__Task to complete__.
Would you transcribe only the lines below, from the one containing "Danganronpa: Who Created" through the end of the material, exactly and with no pictures?

__Provided data__.
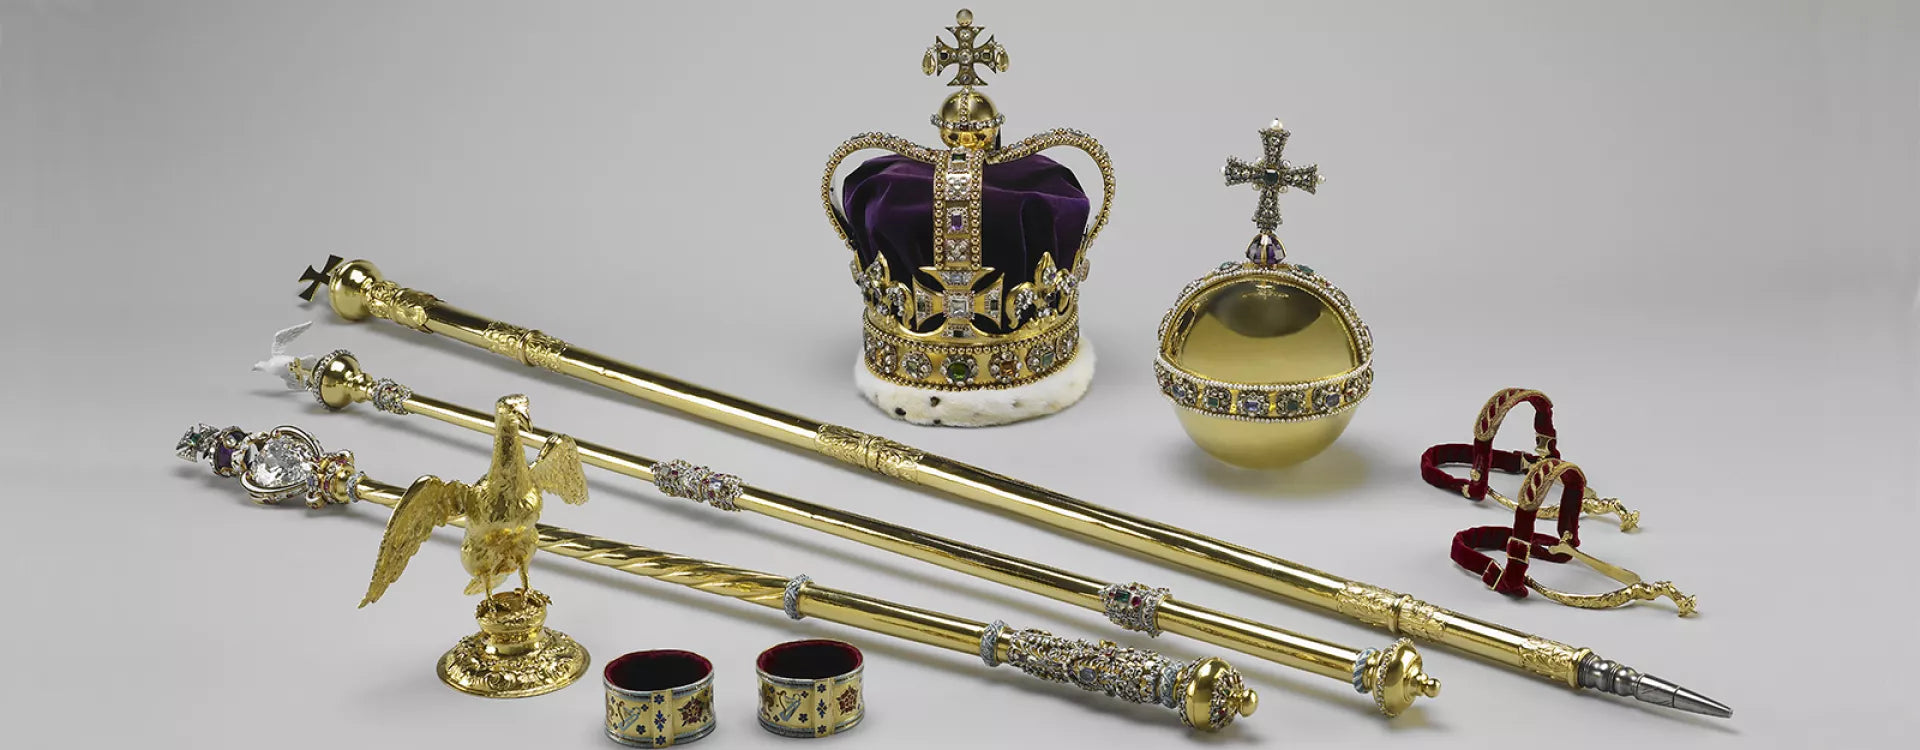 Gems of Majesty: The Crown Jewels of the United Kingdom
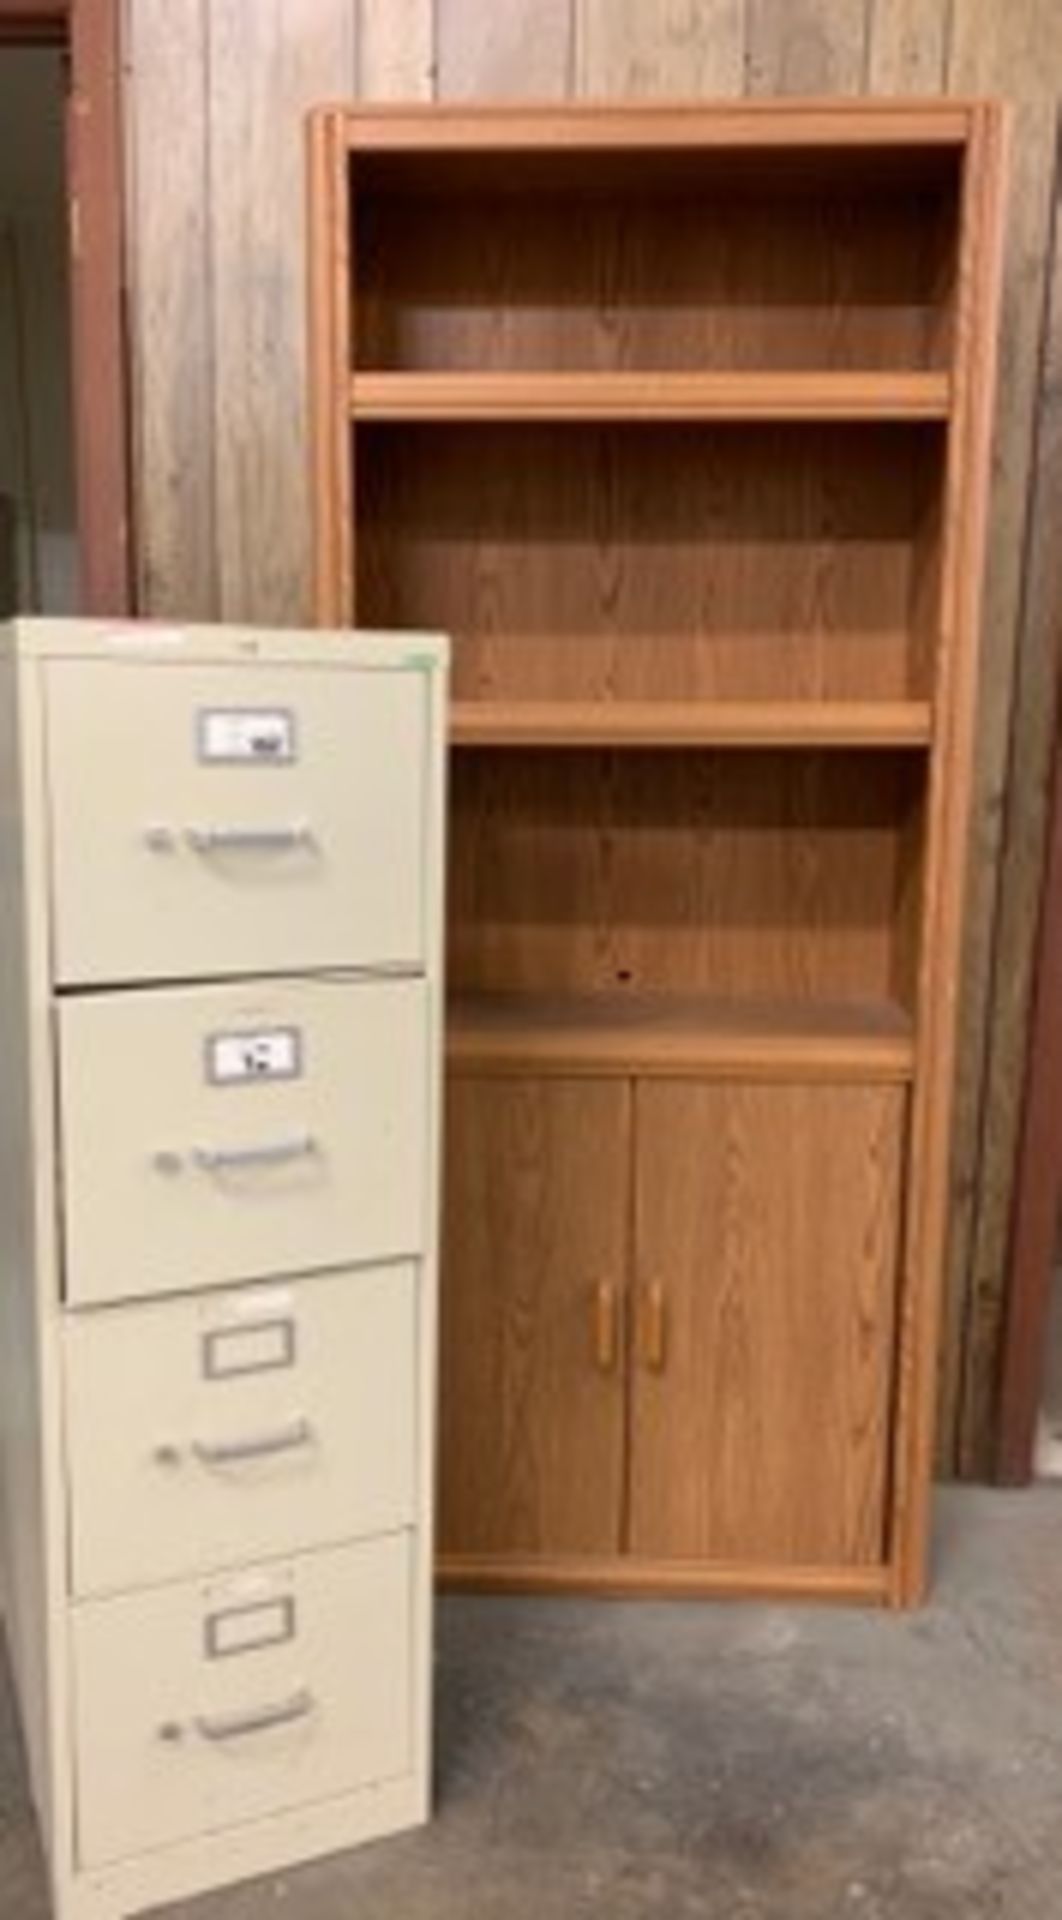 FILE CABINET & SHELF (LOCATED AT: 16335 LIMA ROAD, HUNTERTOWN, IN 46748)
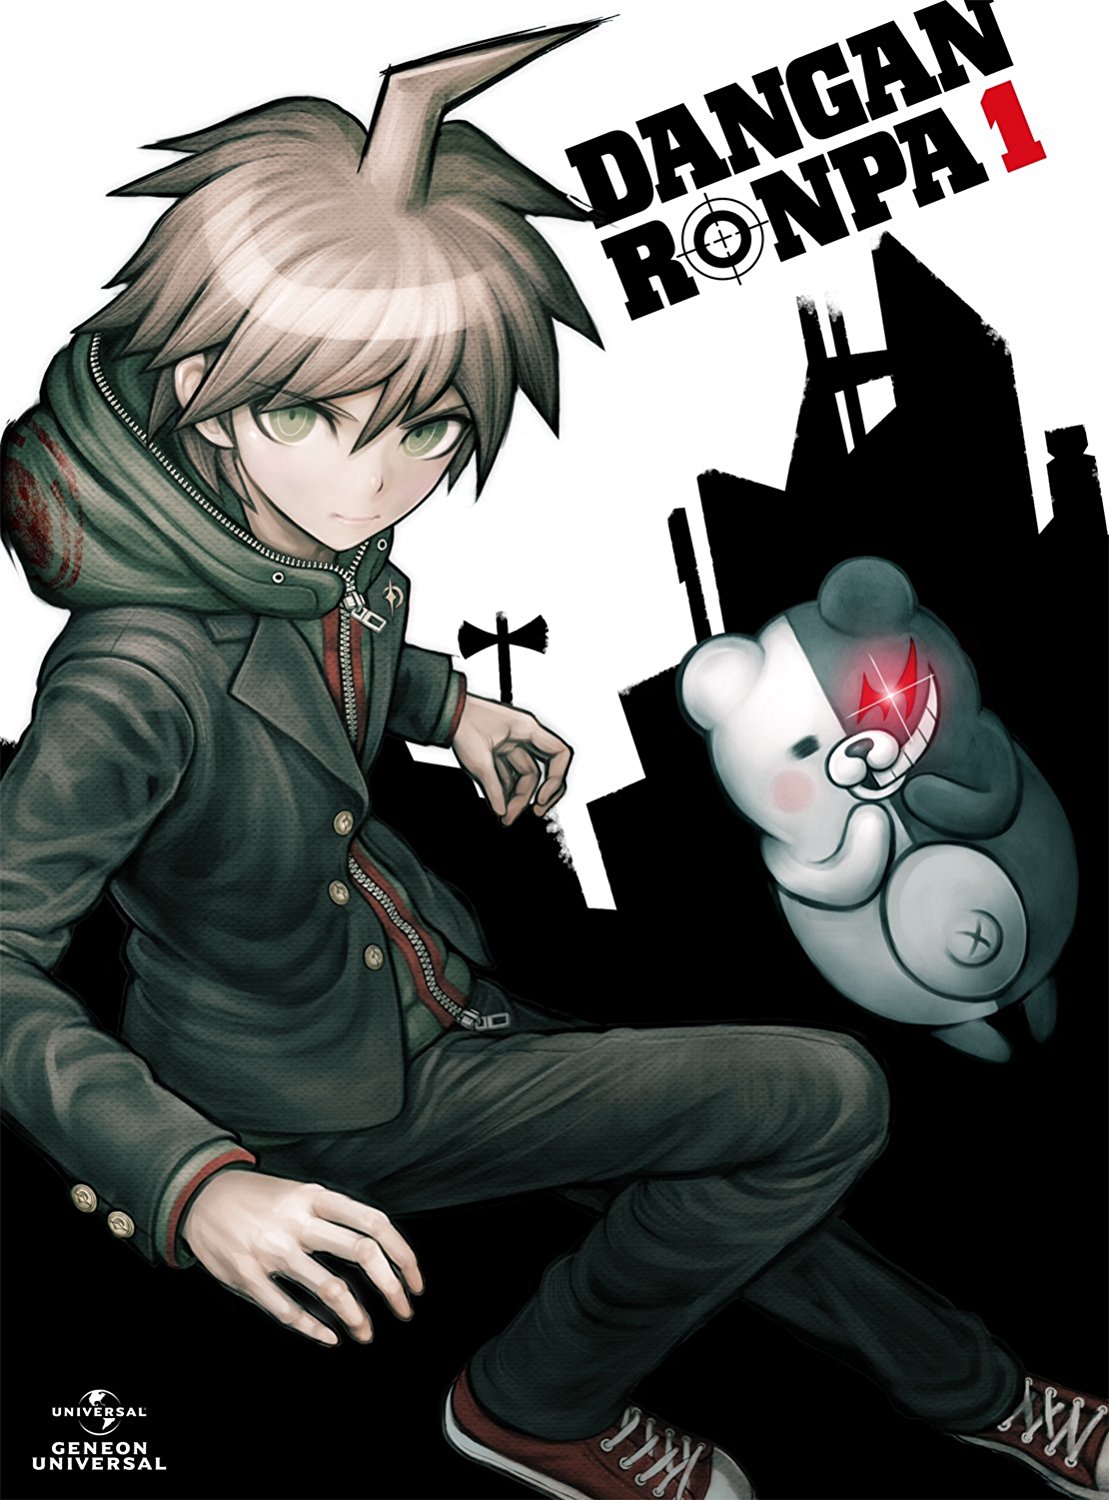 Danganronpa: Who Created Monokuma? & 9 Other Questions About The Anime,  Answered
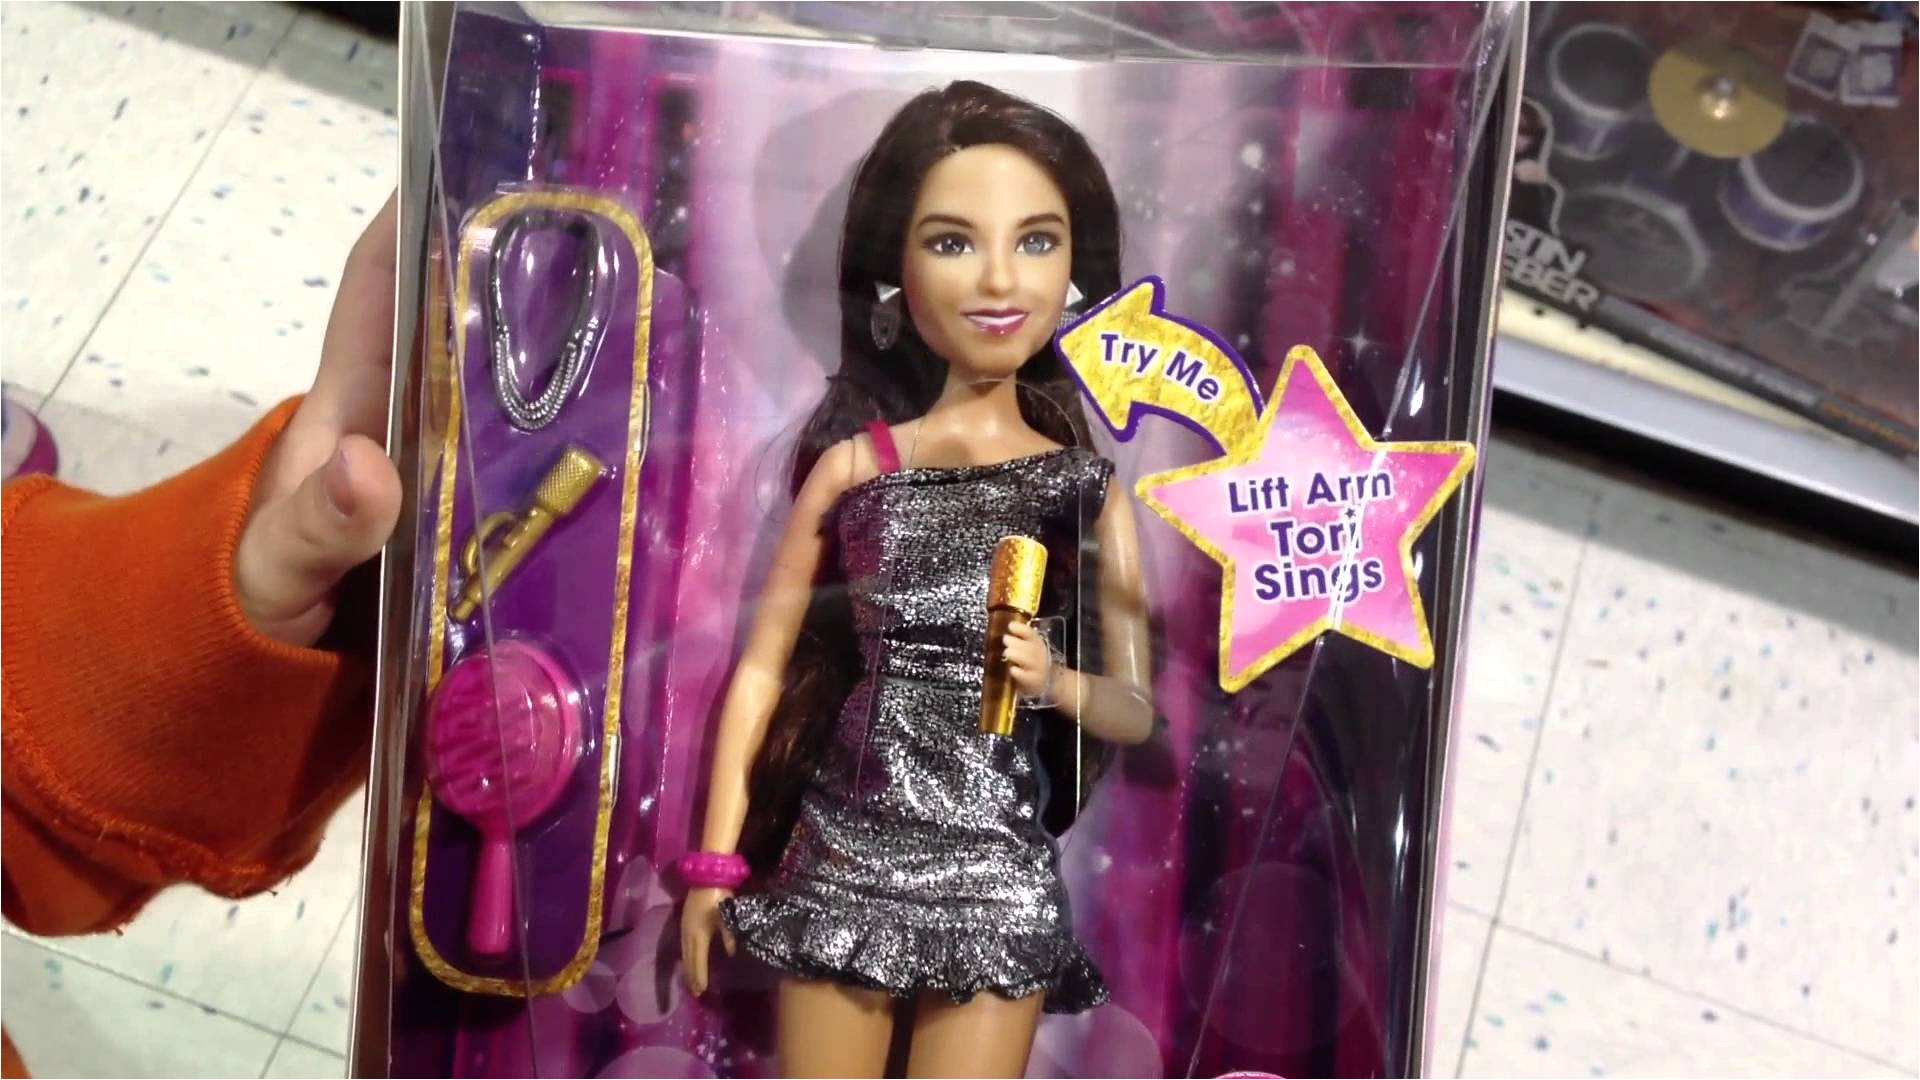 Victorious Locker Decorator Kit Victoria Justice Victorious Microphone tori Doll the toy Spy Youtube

__Written response__.
 Danganronpa: Who Created Monokuma? & 9 Other Questions About The Anime,  Answered
 Victorious Locker Decorator Kit Victoria Justice Victorious Microphone tori Doll the toy Spy Youtube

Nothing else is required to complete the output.